3.2 KiB
title |
---|
GPU Compute |
:::info Pro Plan Offering The ClearML GPU Compute App is available under the ClearML Pro plan :::
Set up to run your workloads on 100% green cloud machines at optimized costs – no setup required! The ClearML GPU Compute Application automatically spins cloud machines up or down based on demand. The app optimizes machine usage according to a user defined resource budget: define your budget by specifying the GPU type and number of GPUs you want to use.
Each application instance monitors a ClearML queue: new cloud machines are spun up if there are pending jobs on the queue. The app instance automatically terminates idle machines based on a specified maximum idle time.

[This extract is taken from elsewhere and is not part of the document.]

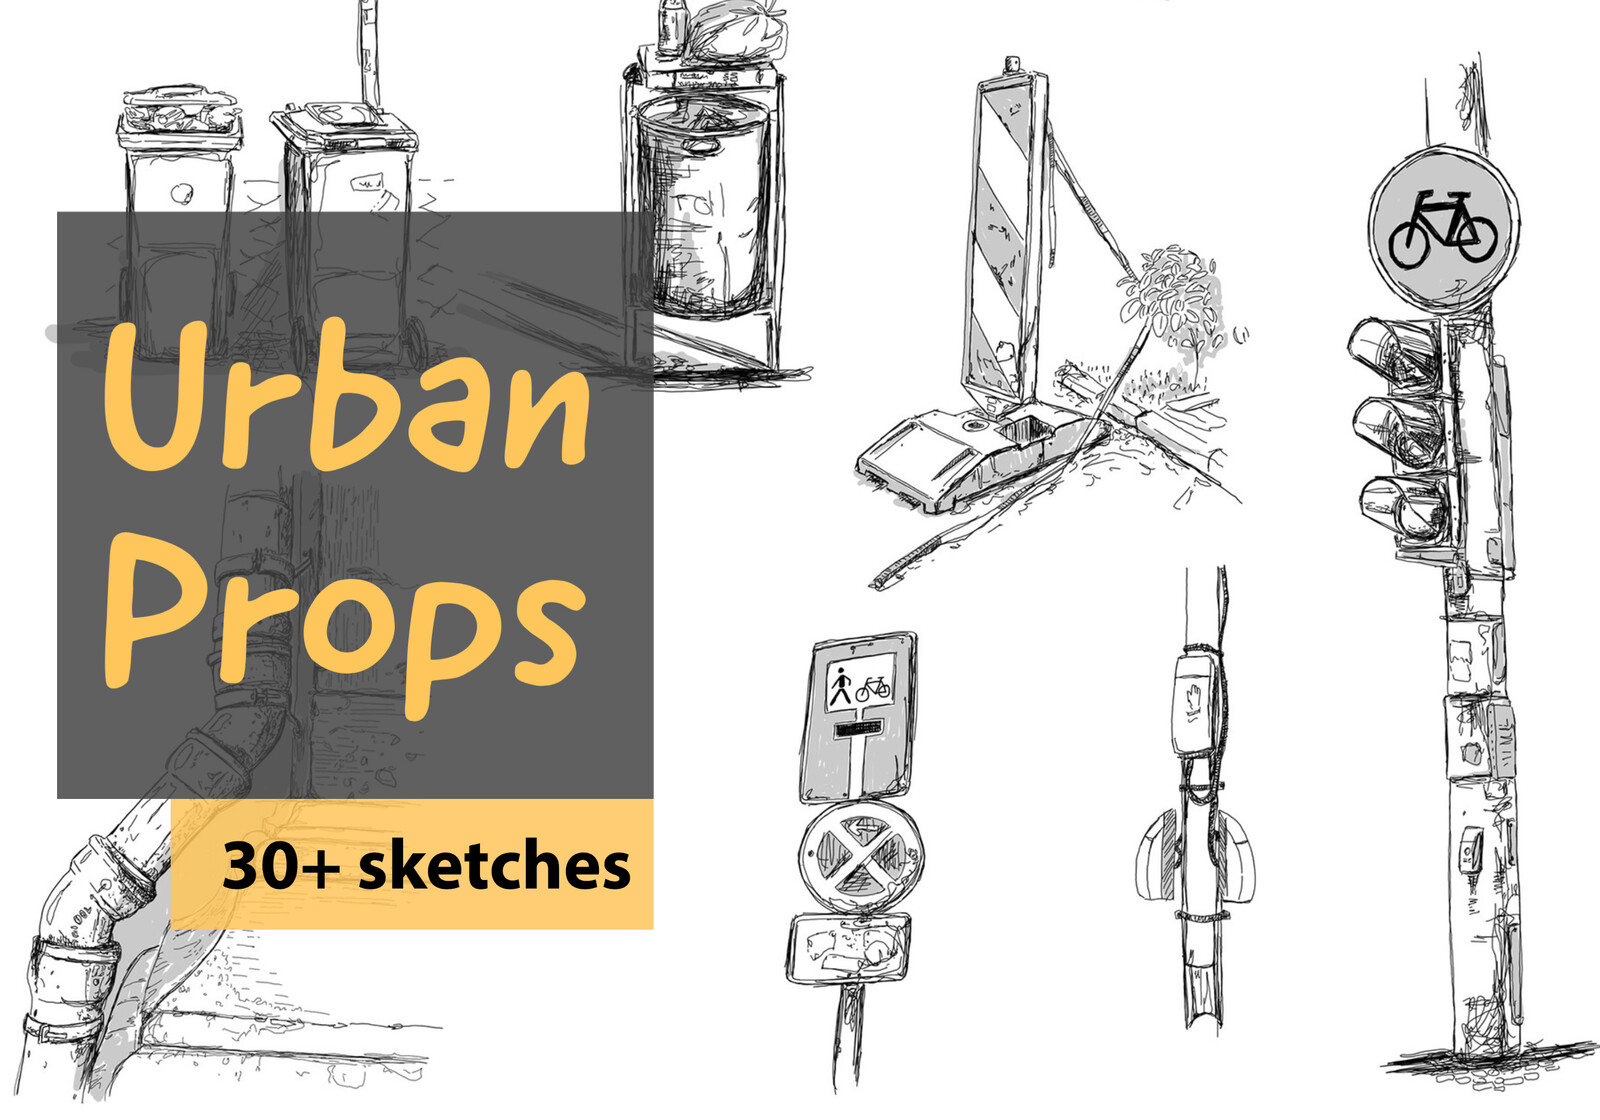 Urban Props, 30+ sketches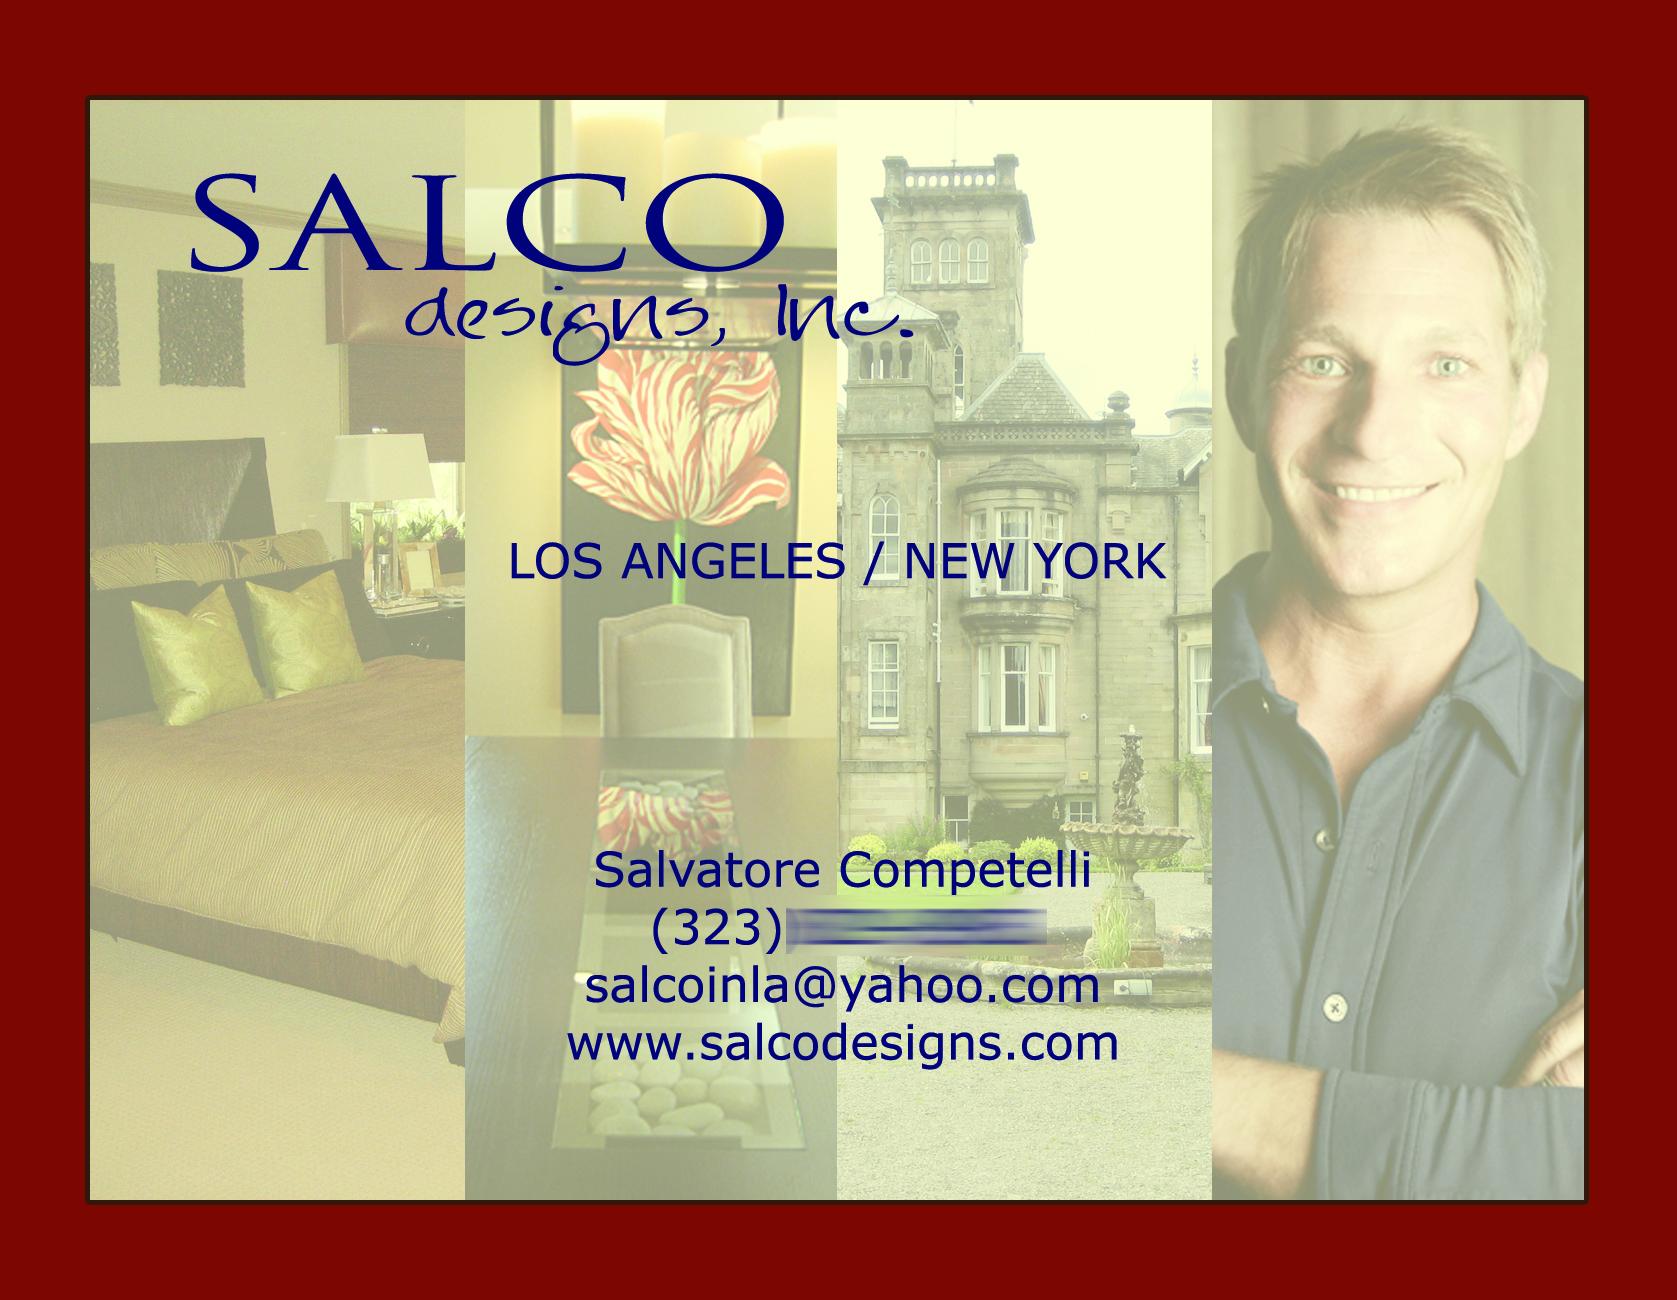 SalcoDesignsPostcard

GPU Compute Instance Configuration
- Import Configuration - Import an app instance configuration file. This will fill the configuration wizard with the values from the file, which can be modified before launching the app instance
- Machine Specification
- GPU Type - NVIDIA GPU on the machine
- Number of GPUs - Number of GPUs in the cloud machine
- The rest of the machine’s available resources are dependent on the number and type of GPUs specified above:
- vCPUs - Number of vCPUs in the cloud machine
- Memory - RAM available to the cloud machine
- Hourly Price - Machine's hourly rate
- Disk - Amount of Disk space available to the cloud machine
- Monitored Queue - Queue associated with application instance. The tasks enqueued to this queue will be executed on machines of this specification
- Cloud Machine Limit - Maximum number of concurrent machines to launch
- Idle Time Limit (Optional) - Maximum time in minutes that a cloud machine can be idle before it is spun down
- Default Docker Image (Optional) - Default Docker image in which the ClearML Agent will run. Provide a Docker stored in a Docker artifactory so instances can automatically fetch it
- Git Configuration - Git credentials with which the ClearML Agents running on your cloud instances will access your repositories to retrieve the code for their jobs
- Git User
- Git Password / Personal Access Token
- Cloud Storage Access (Optional) - Access credentials to cloud storage service. Provides ClearML Tasks running on cloud machines access to your storage
Dashboard
Once a GPU Compute instance is launched, the dashboard displays a summary of your cloud usage and costs.
The GPU Compute dashboard shows:
- Service status indicator
- - Cloud service is available
- - Cloud service is currently unavailable
- Cloud instance details
- GPU type
- Number of GPUs
- Number of vCPUs
- RAM
- Storage
- Cost details
- Instance rate
- Total cost for current billing cycle
- Number of current running cloud instances
- Instance History - Number of running cloud instances over time
- Console - The log shows updates of cloud instances being spun up/down.